At this time of year, “it’s not unusual to have a cold snap like this,” meteorologist Heather Orow told the Detroit Free Press. She said a warmup should begin by the weekend.

Two crashes Sunday morning killed three people in western Michigan, authorities said. Two people died in a single vehicle crash in the Grand Rapids suburb of Wyoming, while a two-vehicle crash in Grand Rapids killed one of the drivers. The victims’ names weren’t immediately released.

On the other side of the state, authorities said Stephany Salazar, 48, was killed Saturday afternoon after she went to help four people whose car slid into a ditch in Sanilac County’s Flynn Township. A 20-year-old man lost control of his vehicle, striking Salazar and one of the people involved in the earlier crash, the sheriff’s department said.

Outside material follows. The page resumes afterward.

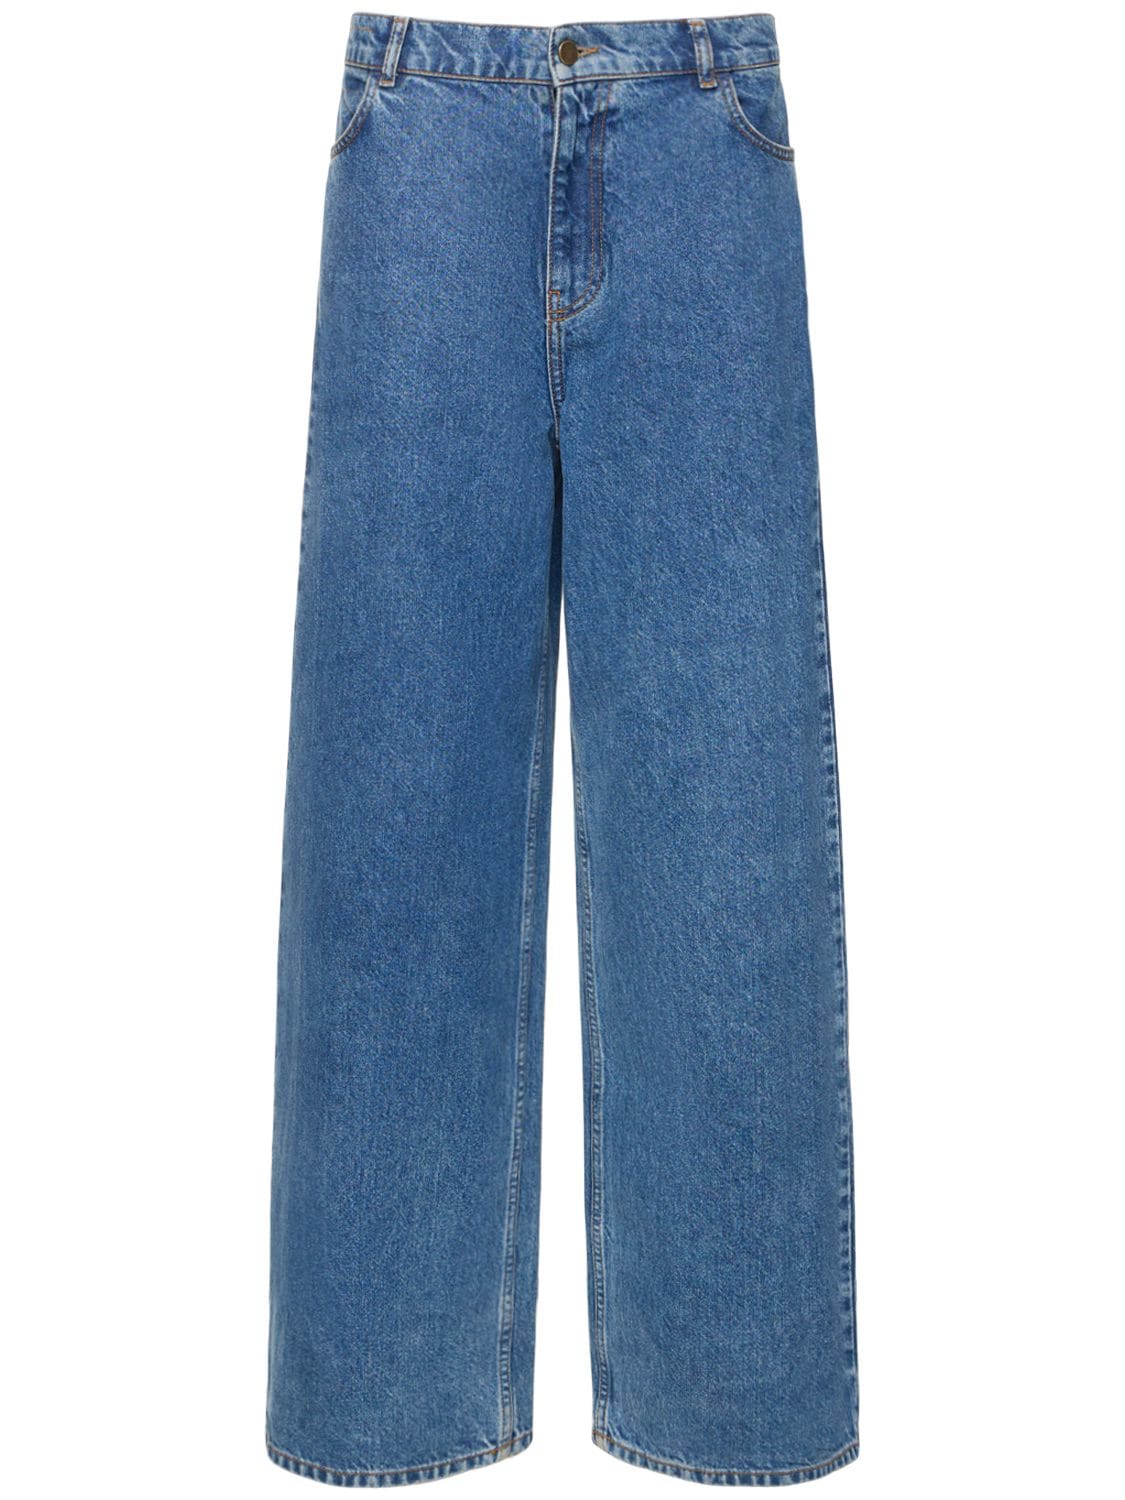 Philosophy Di Lorenzo Serafini Jeans Aus Baumwolldenim Mit Weitem Bein In Blau

The individuals in the original crash sustained minor injuries.

A car-truck crash Saturday afternoon on Interstate 75’s Zilwaukee Bridge in Saginaw County injured the truck’s driver and temporarily closed the northbound lanes.

Other injury accidents were also reported Saturday in Oakland and Van Buren counties.

But the weather wasn’t especially unusual. While at a gas station Sunday, Detroit resident Valerie Brock said she was more impressed with the mere $25 it cost to fill up her car than by the coming Arctic air. Michigan gas prices dropped below $2 a gallon on Thursday for the first time in years.

“I’ve lived in Michigan for most of my life,” Brock said. “You just expect it. As they say, wait one day in Detroit and the weather changes.”